→ GIVEN DATA:
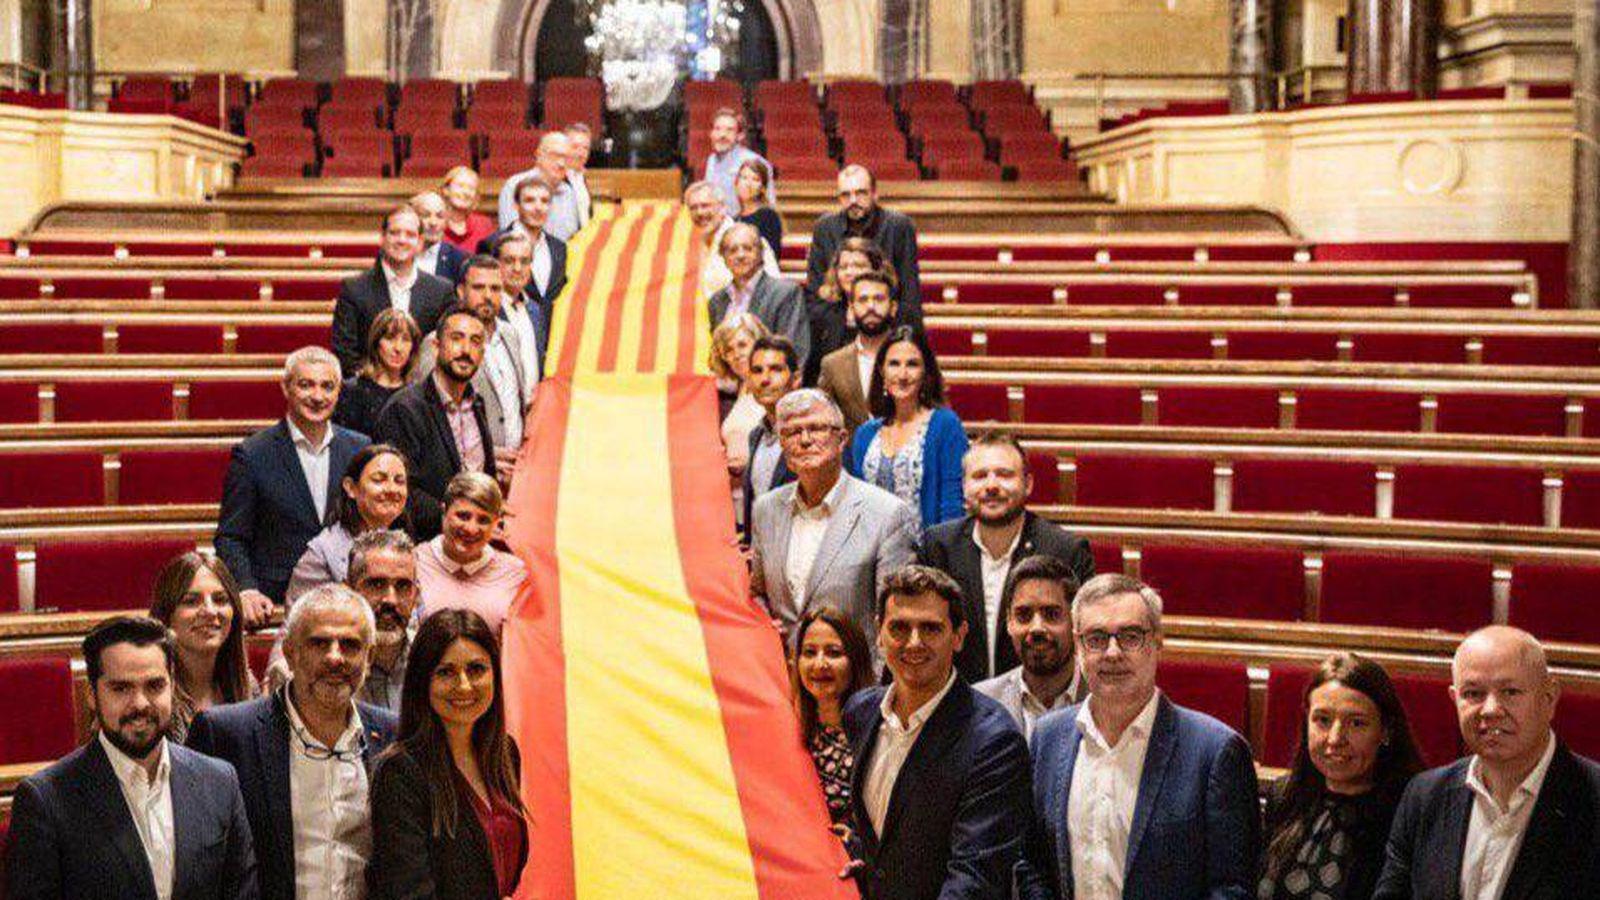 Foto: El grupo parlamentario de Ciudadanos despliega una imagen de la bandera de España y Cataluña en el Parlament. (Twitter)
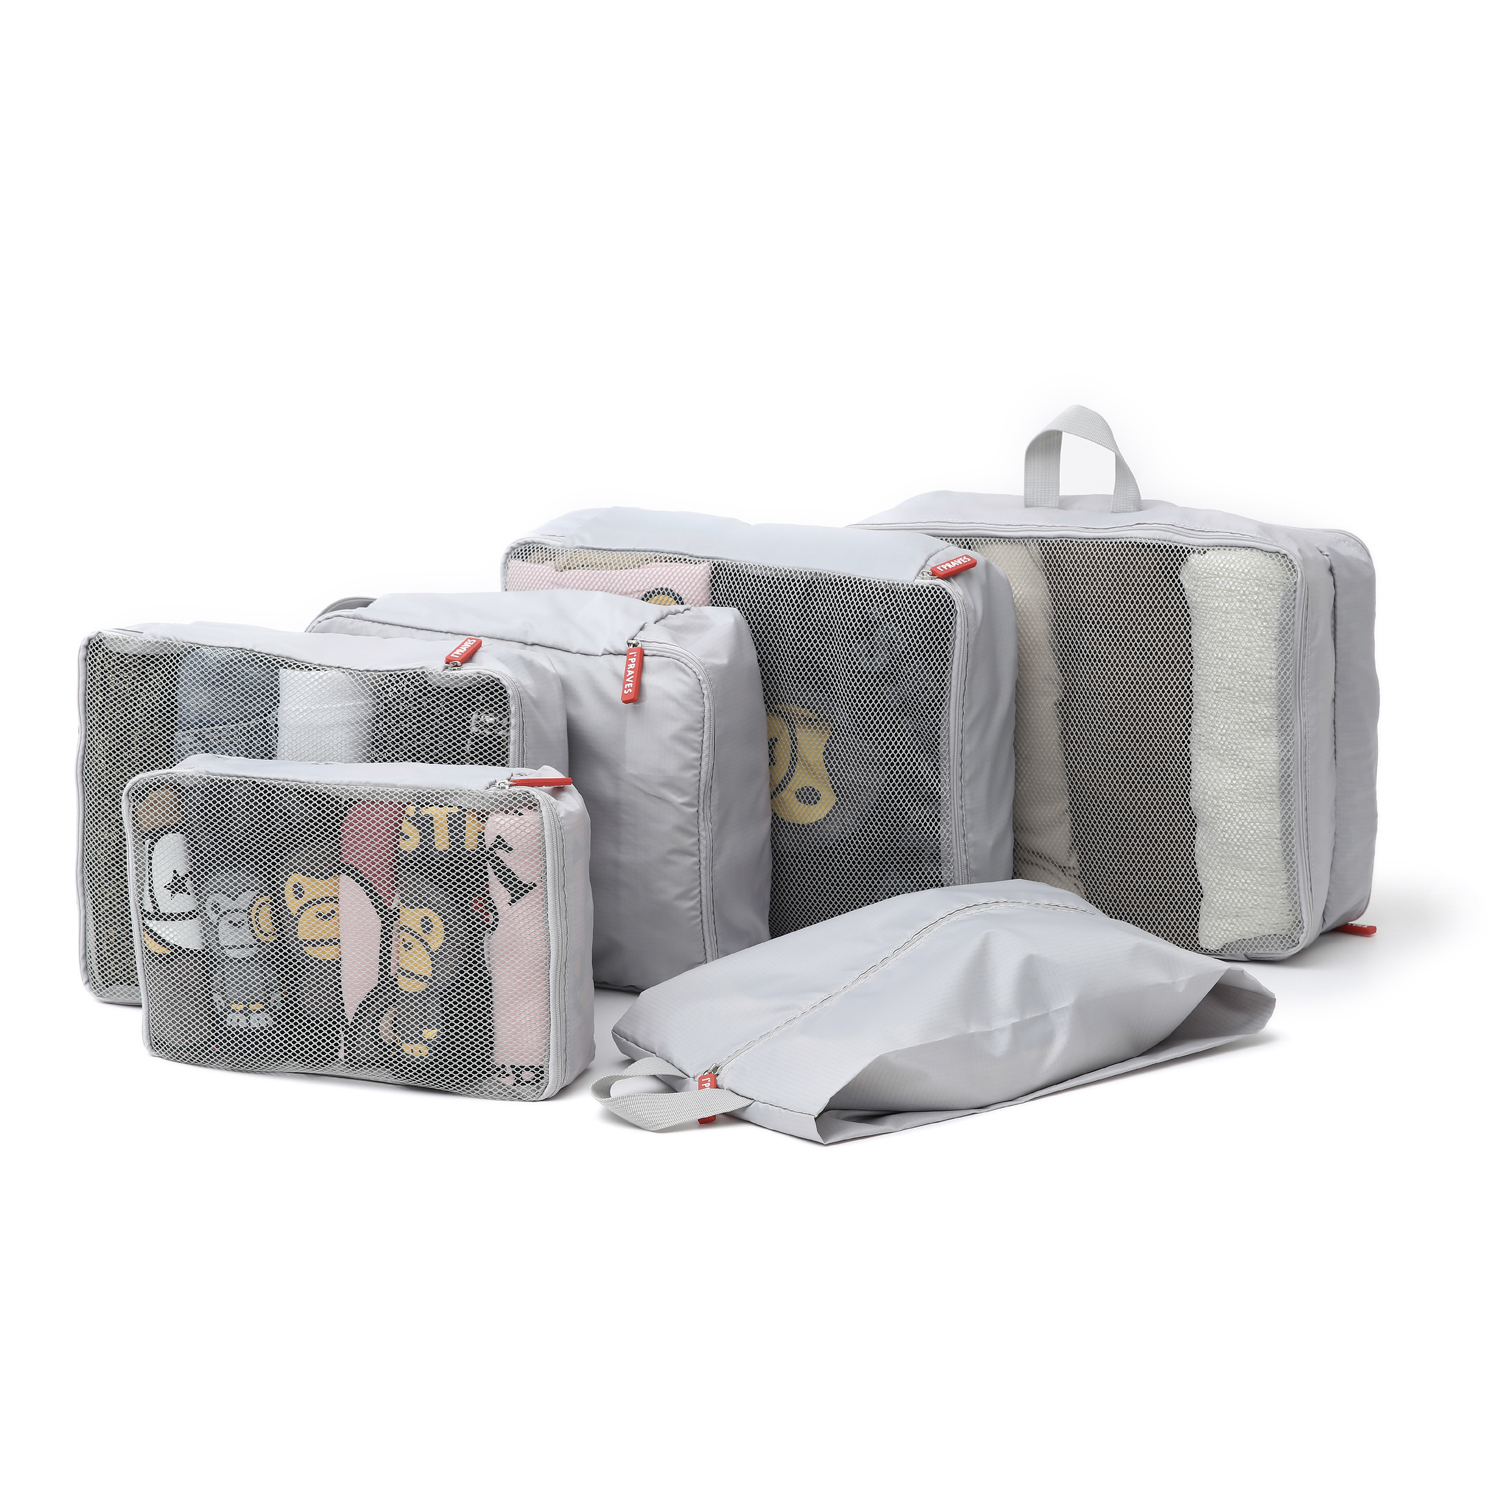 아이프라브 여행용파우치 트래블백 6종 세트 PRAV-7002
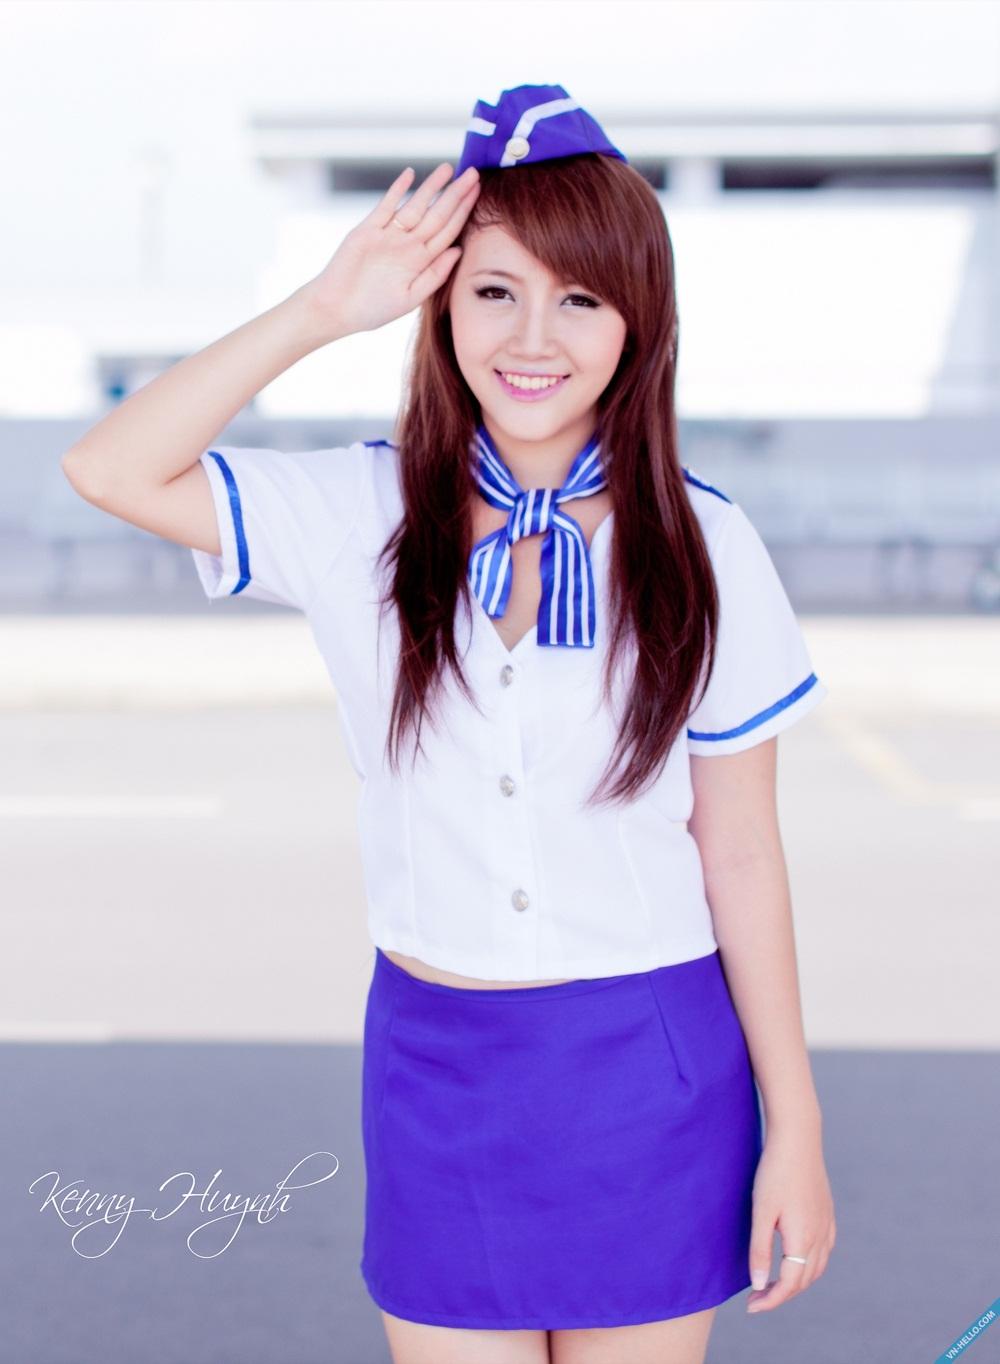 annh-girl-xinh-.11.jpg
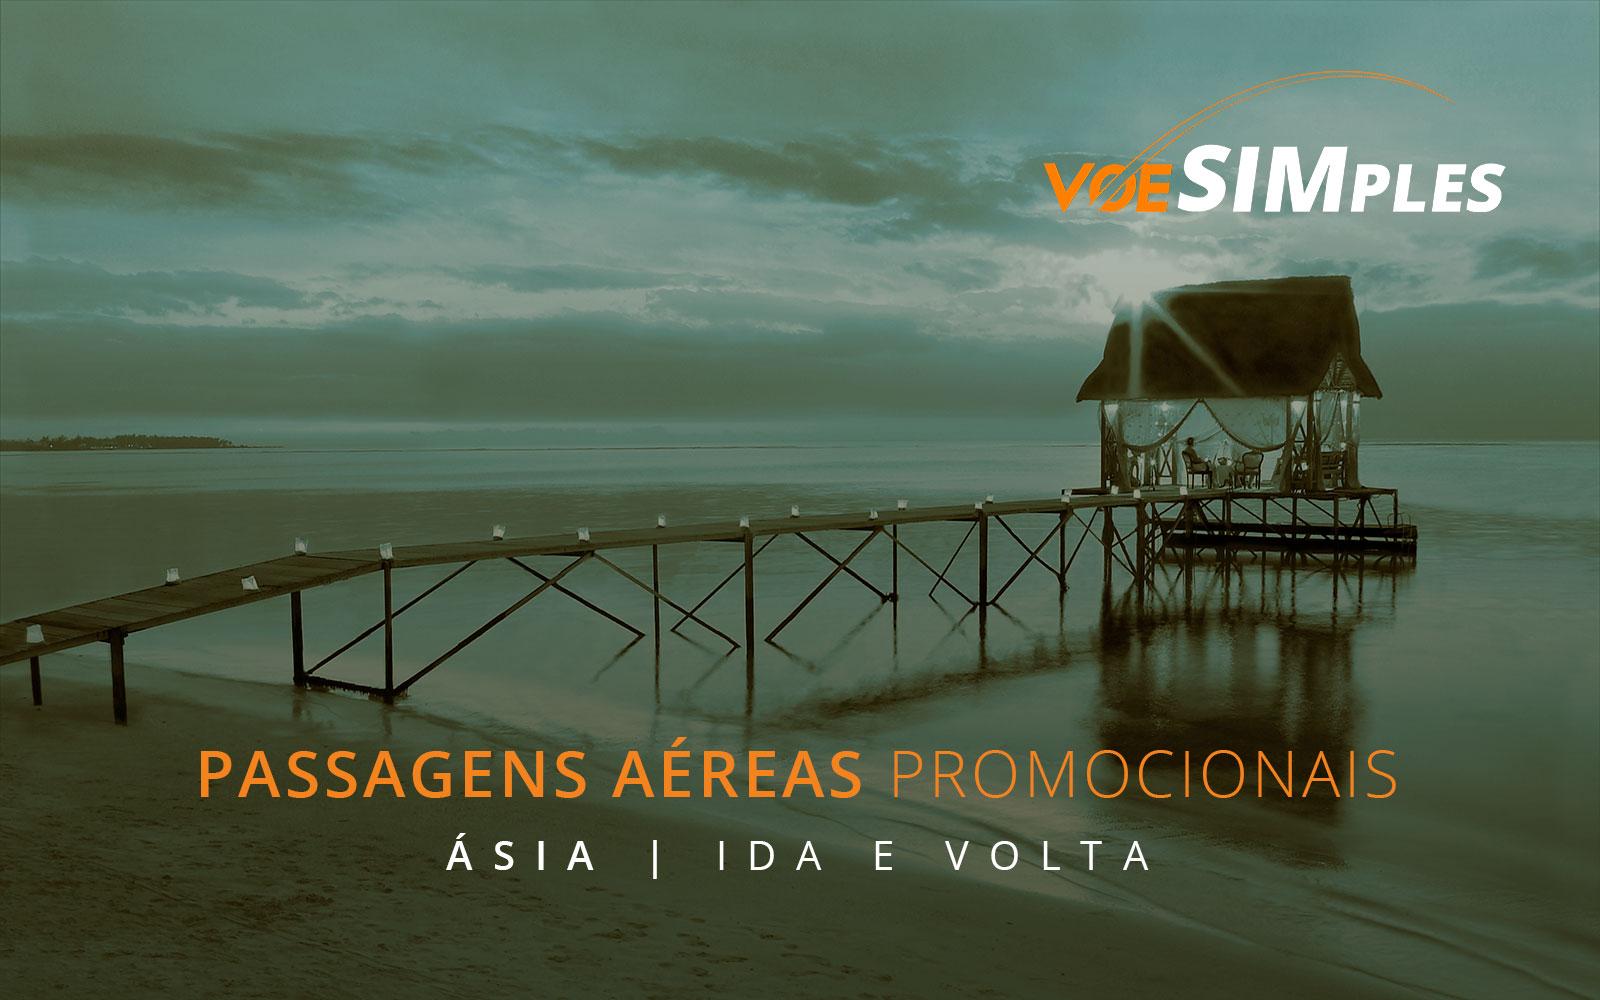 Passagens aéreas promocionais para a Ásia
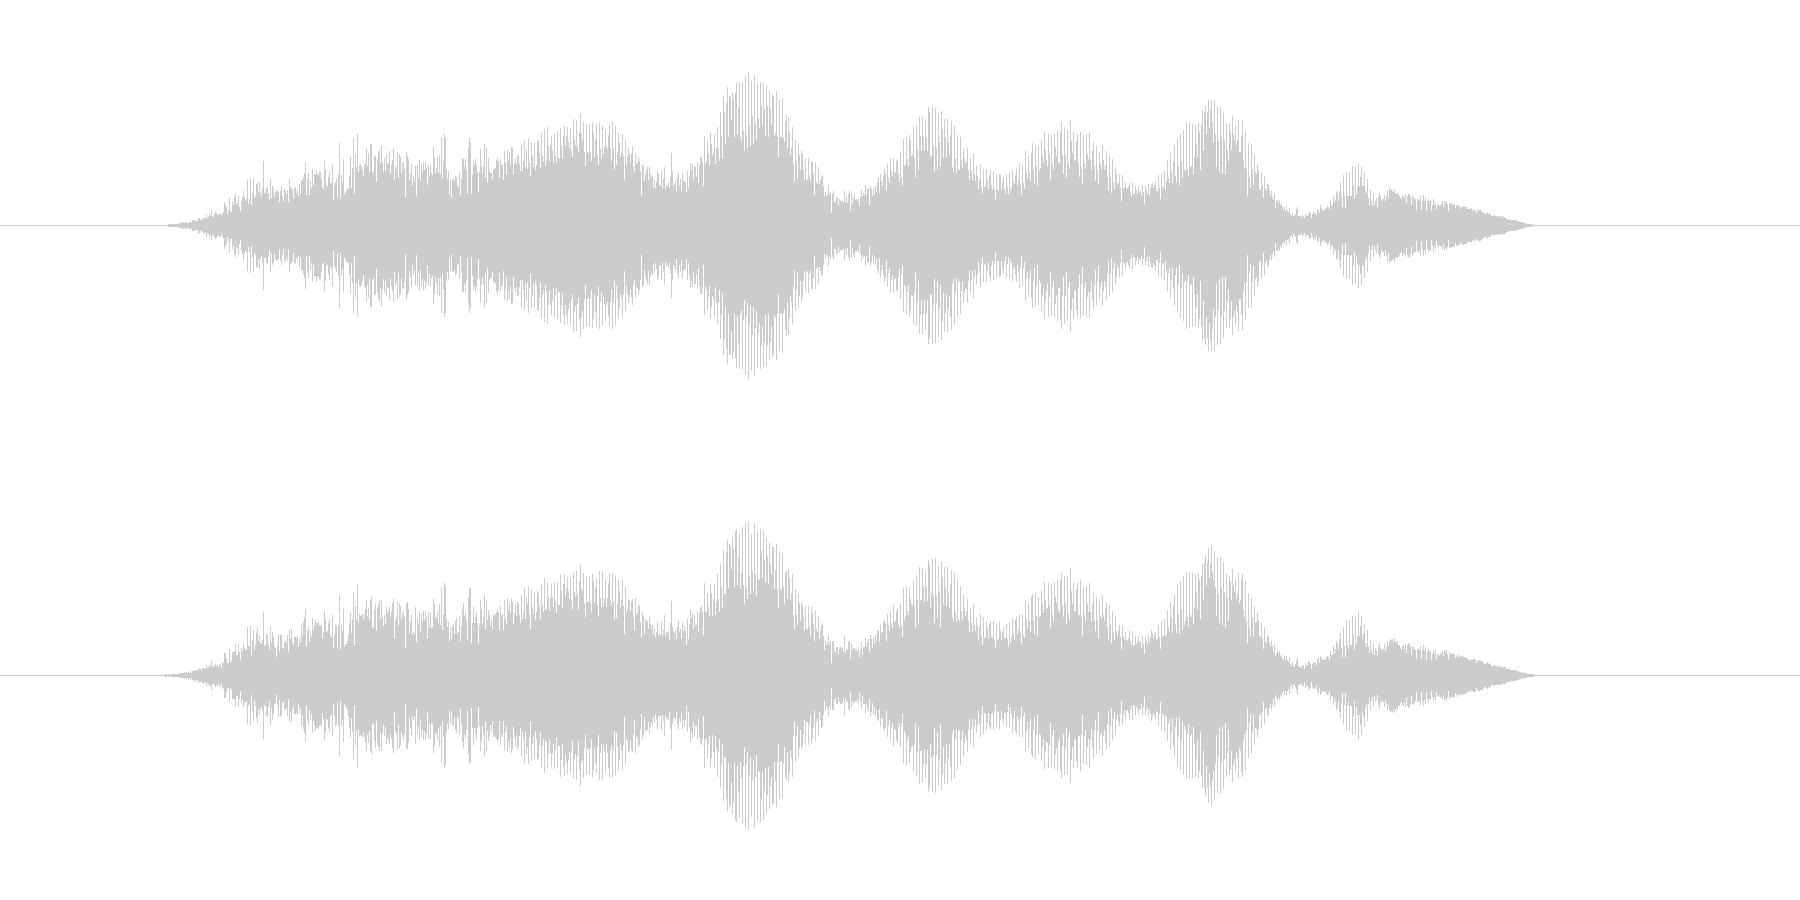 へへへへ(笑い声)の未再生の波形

→ TASK GOAL: The lines running from the one with "아이프라브 여행용파우치 트래블백 6종 세트 PRAV-7002" to the close of the material above are to be retyped exactly; no picture is to be included.

→ SOLUTION TO THIS TASK:
 아이프라브 여행용파우치 트래블백 6종 세트 PRAV-7002
 annh-girl-xinh-.11.jpg
 Passagens aéreas promocionais para a Ásia
 へへへへ(笑い声)の未再生の波形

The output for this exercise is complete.